In Hyderabad district, main markets, bazaars and shops remained closed and vehiclar traffic off the road in two talukas, Hyderabad and Latifabad, but the routine life in Qasimabad was not affected.
The MQM had given the call late on Tuesday evening in protest against a siege by a Rangers team of a neighbourhood within the PIB Colony in Karachi for the arrest of an MQM member of the Sindh Assembly, Kamran Farooqui, wanted by the law-enforcement agencies in some criminal cases.
Dr Farooq Sattar, MQM’s parliamentary party leader in the National Assembly, reacted sharply over the siege when the Rangers team knocked at the door of his house, situated within the neighbourhood, to ask his family if MPA Farooqui had taken shelter inside.
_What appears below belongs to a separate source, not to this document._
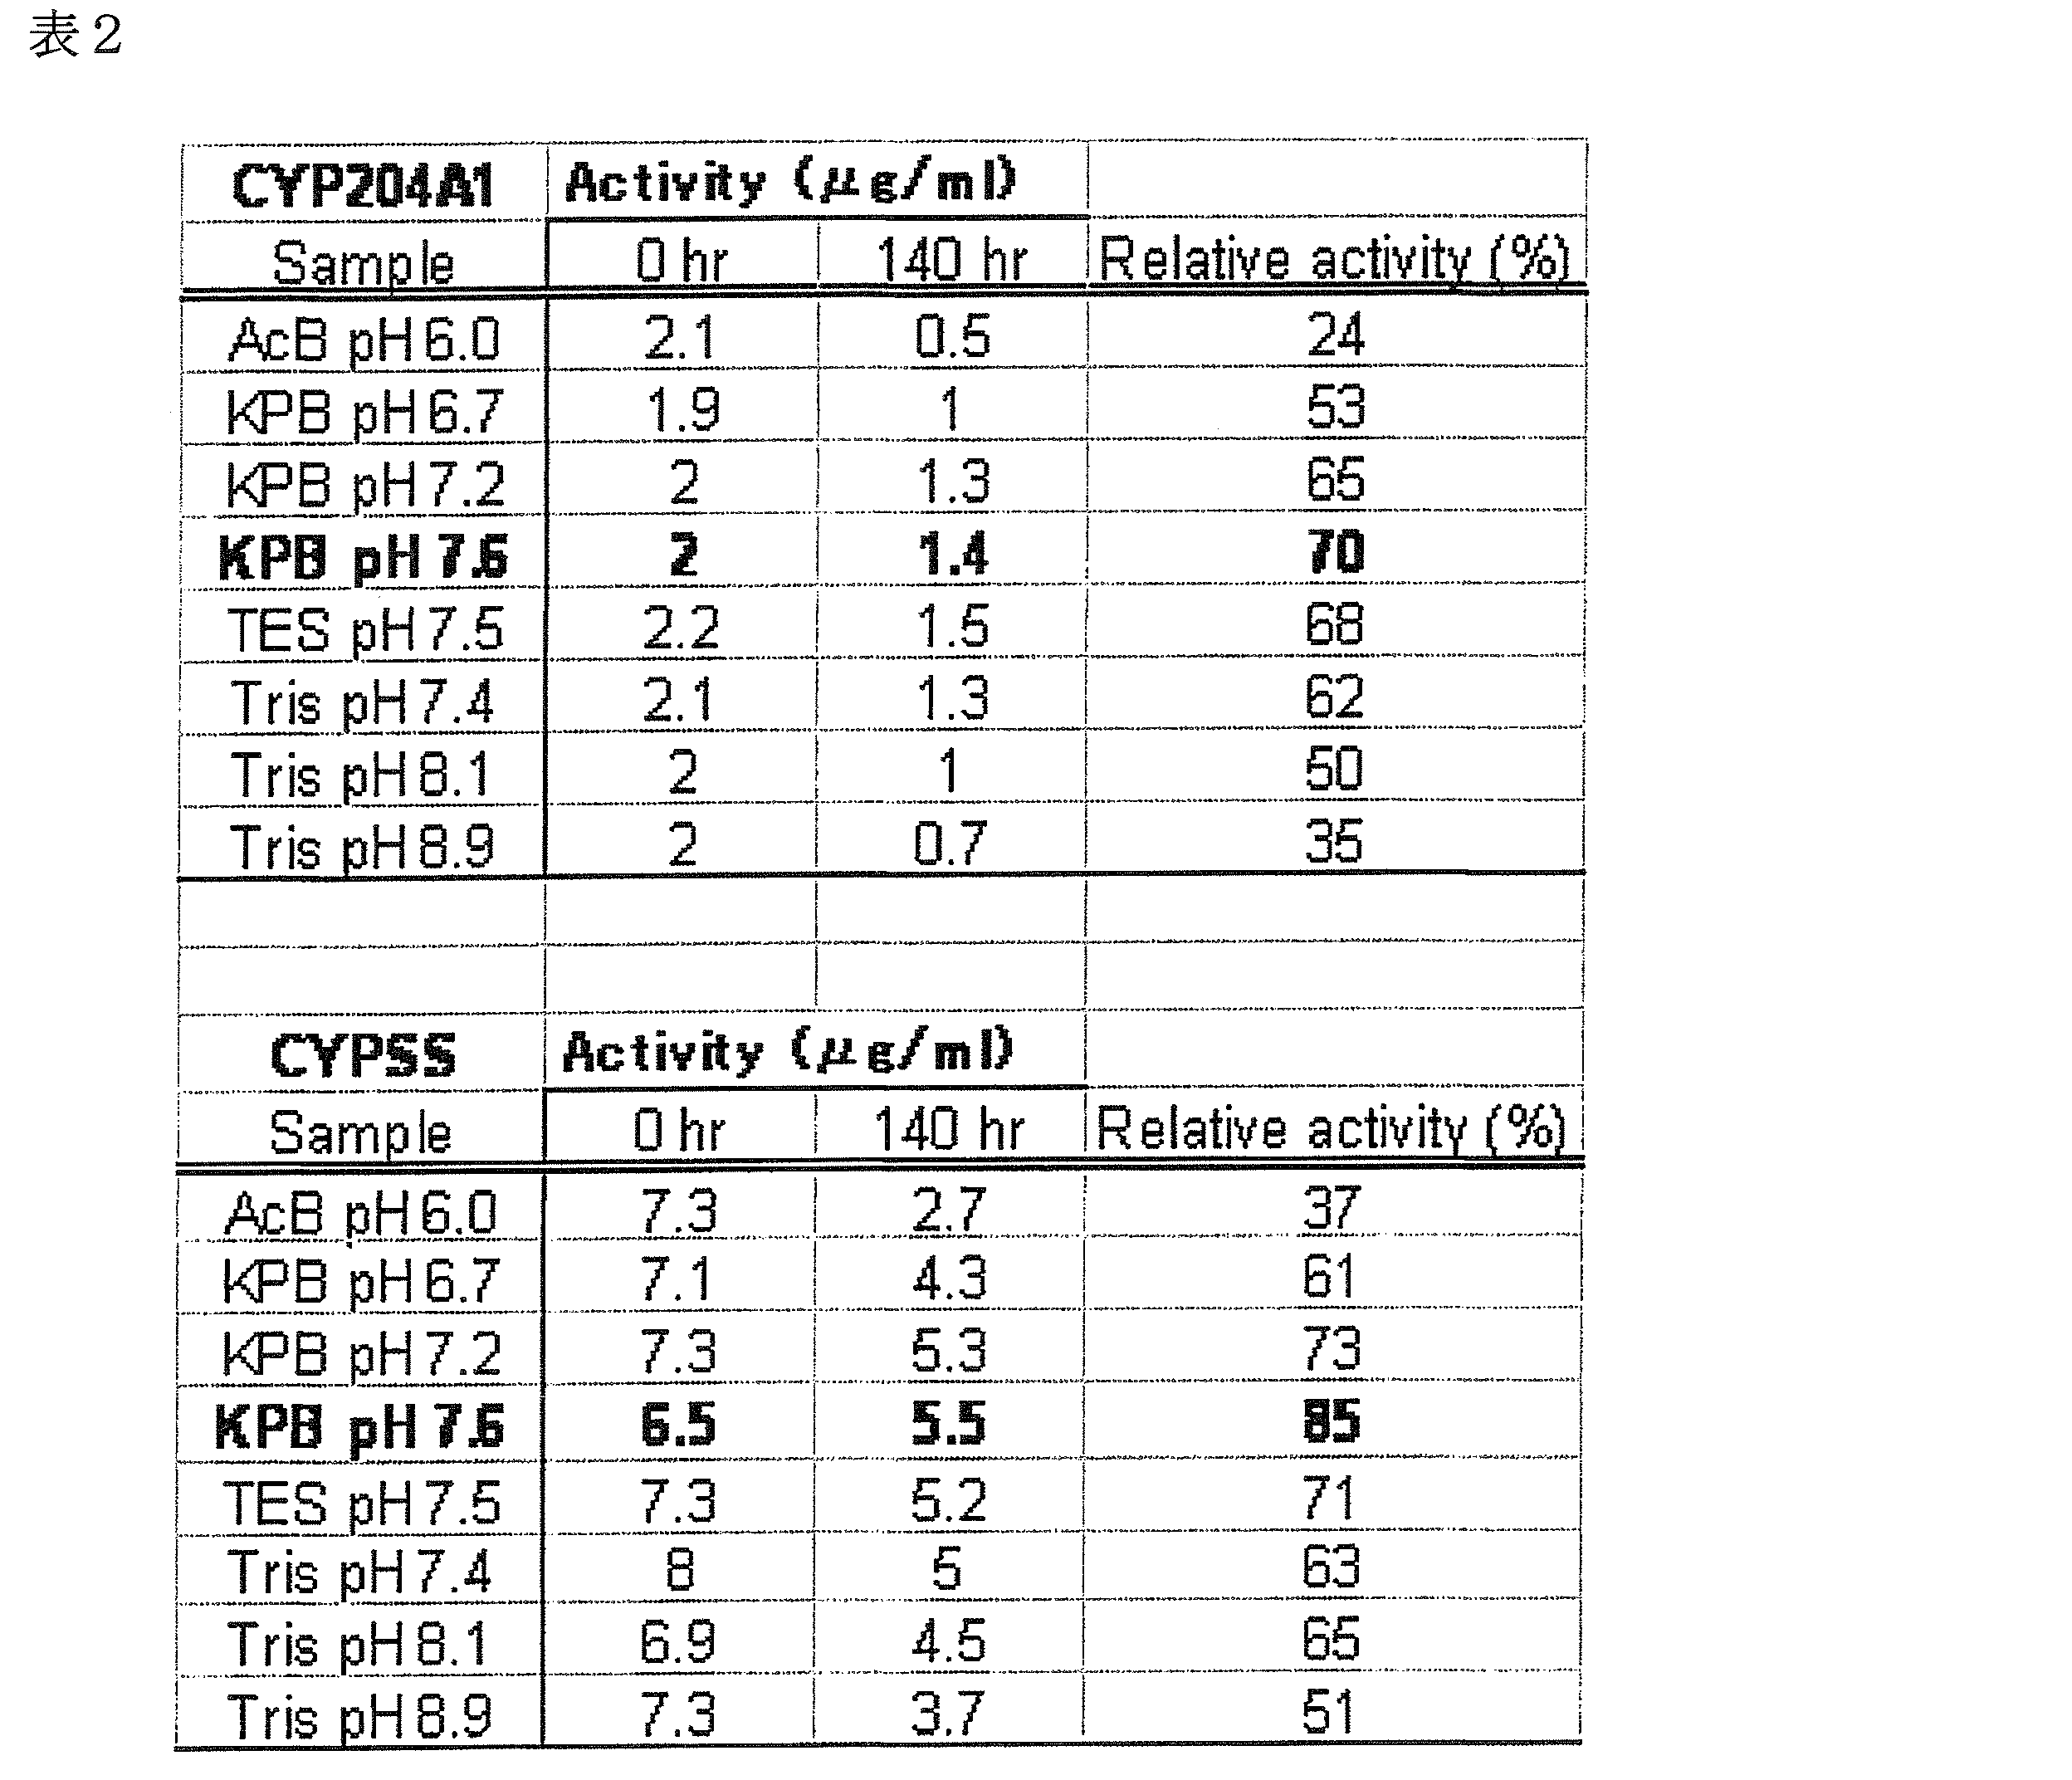 WO2010079594A1 - ステロール側鎖切断酵素蛋白質およびその利用         - Google PatentsFamily

Later, the party’s coordination committees in Karachi and London also strongly condemned the siege of “Dr Sattar’s house and neighbourhood” and urged MQM supporters to observe a strike across the province on Wednesday to register their protest.
However, reports from most districts of the interior of Sindh suggested that routing trade, business and commercial activities began as usual in the morning and continued without any disruption into the evening.
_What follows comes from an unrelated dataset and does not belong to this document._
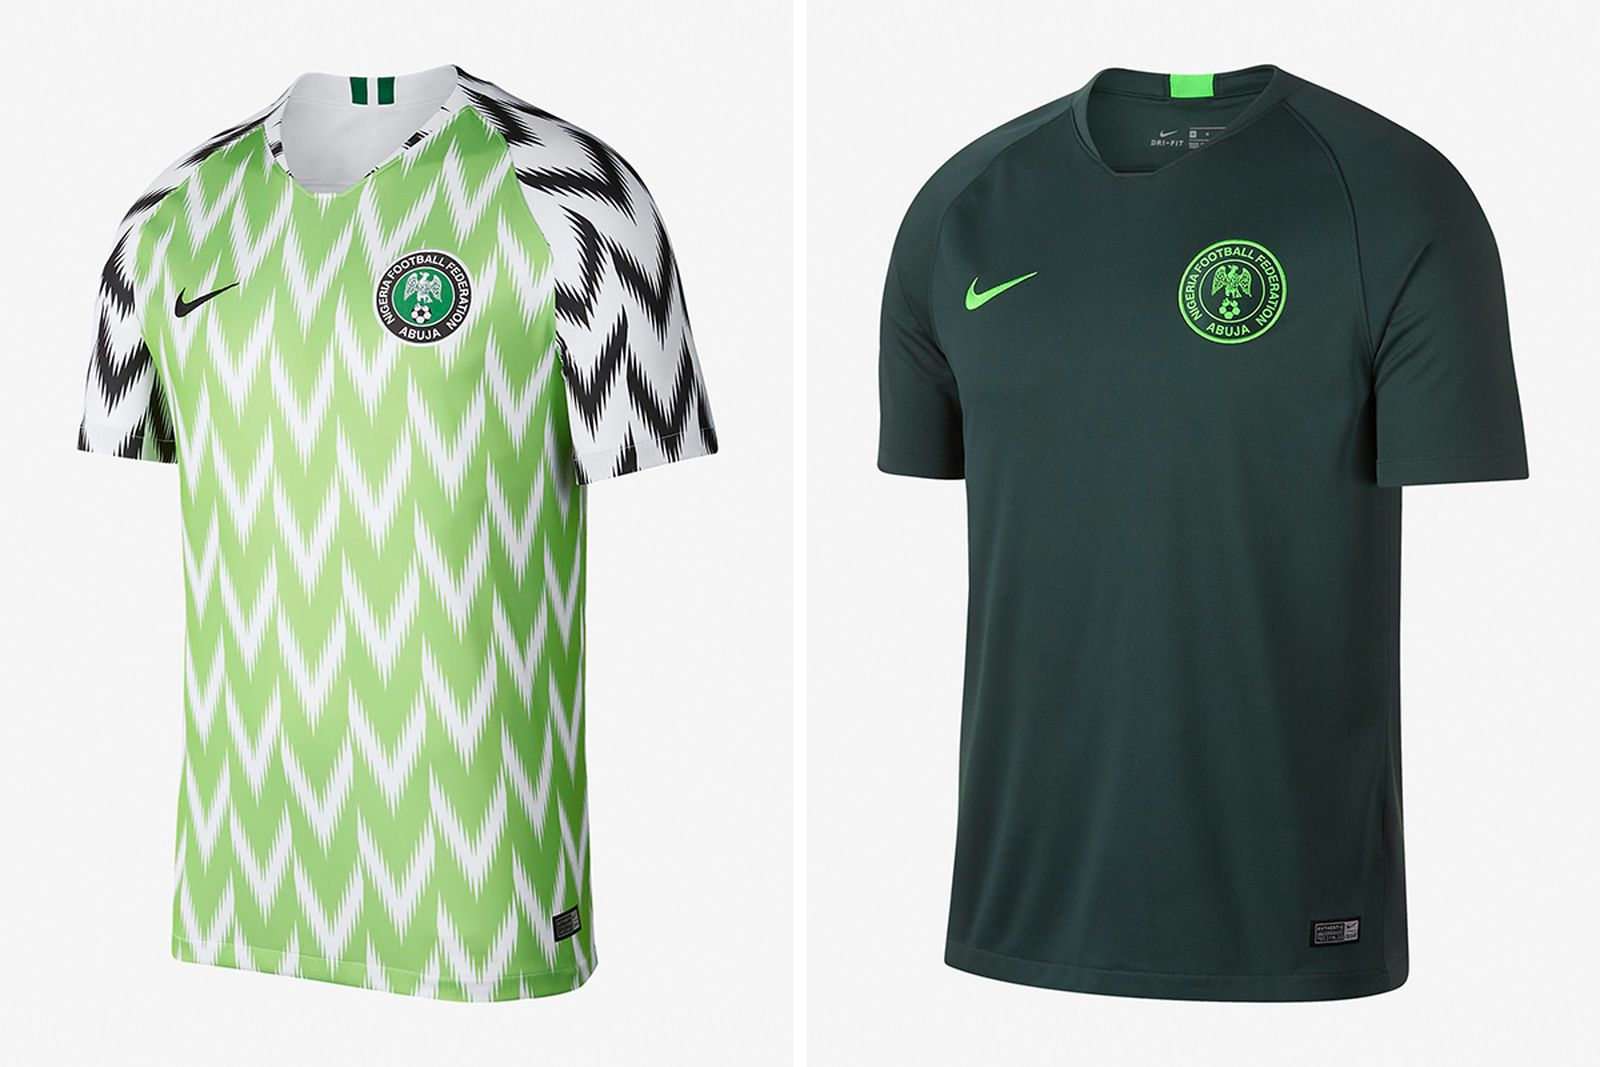 nigeria jersey main 2018 FIFA World Cup nigeria football kit

In the Hyderabad and Latifabad talukas of Hyderabad district, no main markets, bazaars and commercial establishments opened in the morning and stayed closed in the afternoon even after MQM’s appeal, made at around 2pm, calling off the strike.
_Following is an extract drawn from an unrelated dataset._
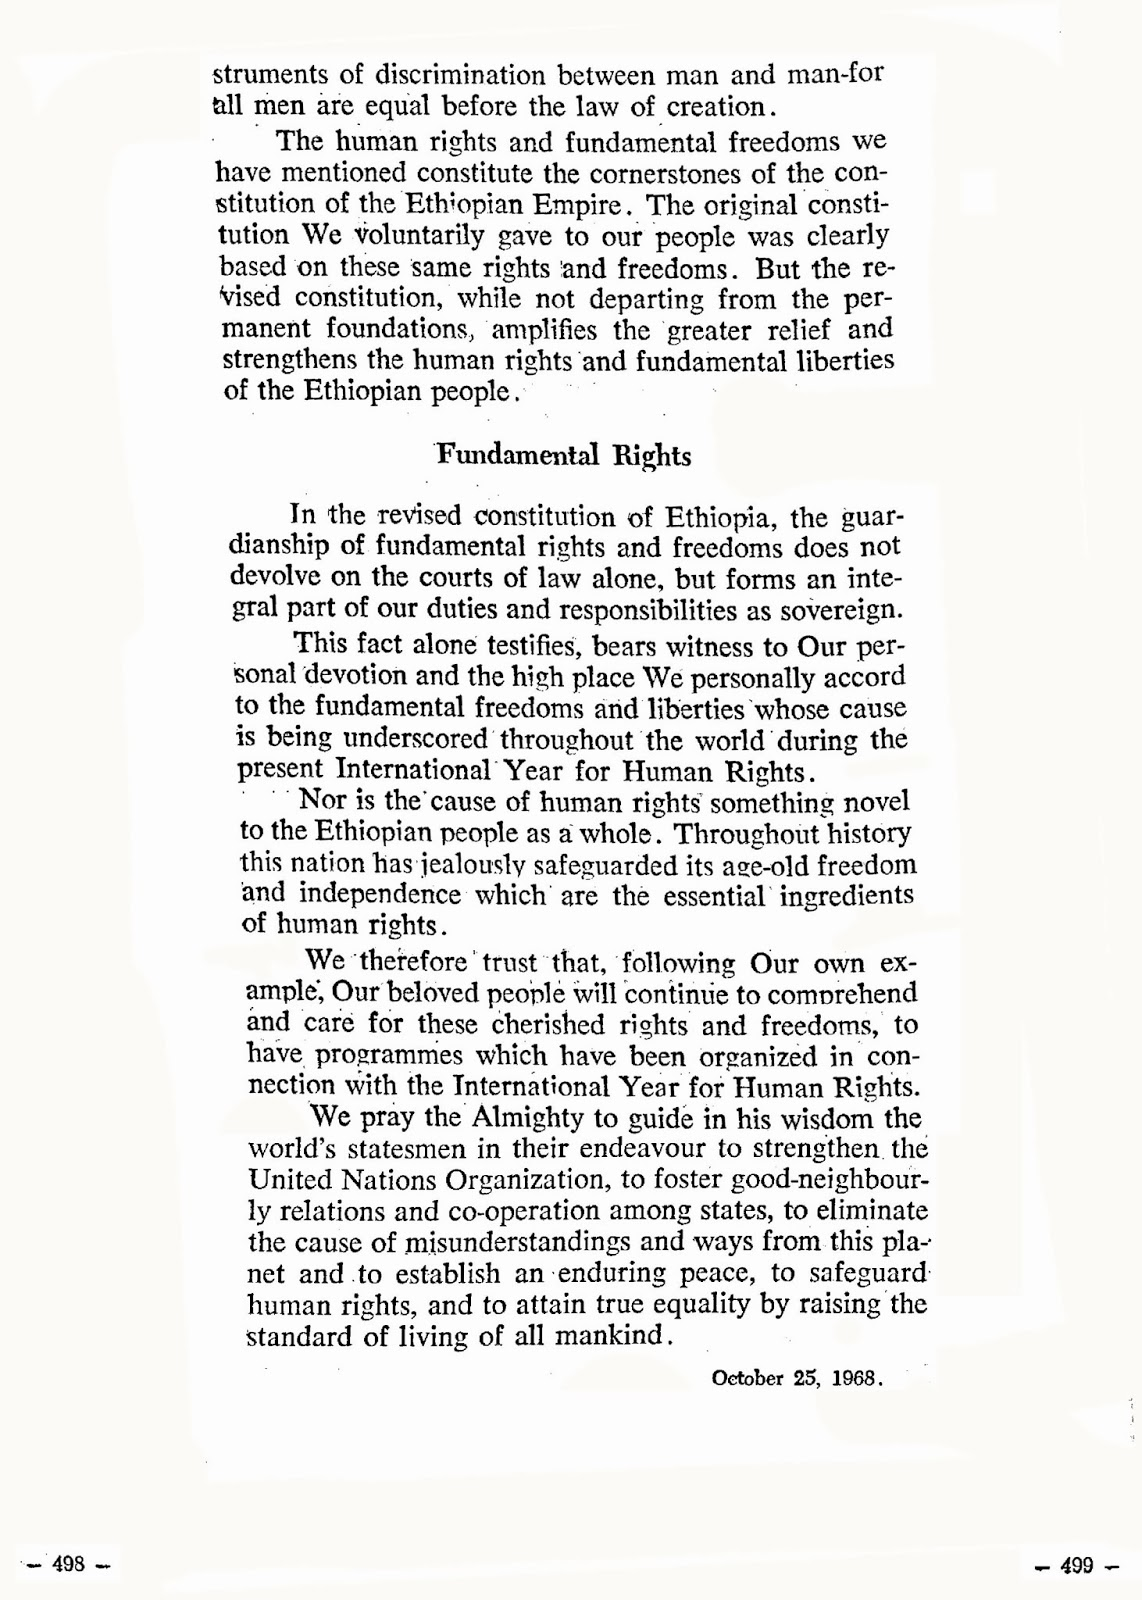 speech over fundamental rights

Groups of enraged activists were seen raising slogans against the siege and placing burning tyres in the middle of a few roads in Latifabad in the morning. They littered the roads with bricks to disrupt flow of vehicular traffic if it emerged on the thoroughfares.
However, no violent incident took place as a complete shutdown was observed in both the talukas from dawn to dusk. Fuel stations and small shops also remained closed.
Police and Rangers kept patrolling in various parts of Hyderabad district to meet any eventuality but did not intervene when activists raised slogans and burned tyres at certain places.
In the evening, a number of MQM activists held a demonstration outside the local press club.
The participants, led by MQM lawmakers Sabir Qaimkhani, Rashid Khilji, Ayesha Aftab and Waseem Hussain, raised slogans against “oppression” against their party and leaders by the Sindh Rangers and other law-enforcement agencies and demanded an immediate halt to it.
Speaking to the partipants, who were carrying placards and banners, the lawmakers alleged that state machinery was being used to crush the MQM under a conspiracy.
They warned that such attempts and conspiracies would only provoke a revolt.
In Qasimabad taluka, the strike call was totally ignored.
A shutdown was observed in Mirpurkhas city, where markets, bazzars, shops, fuel stations and commercial concerns did not open in the first half of the day.
Reports from other parts of Sindh, including Matiari, Tando Mohammad Khan, Jamshoro, Tando Allahyar, Badin, Shaheed Benazirabad, Sanghar, Shikarpur, Jacobabad, Sukkur and Khairpur, suggested that normal trade, business, commercial and educational activities remained unaffected by the strike call. No disruption in vehicular traffic on roads and highways was reported.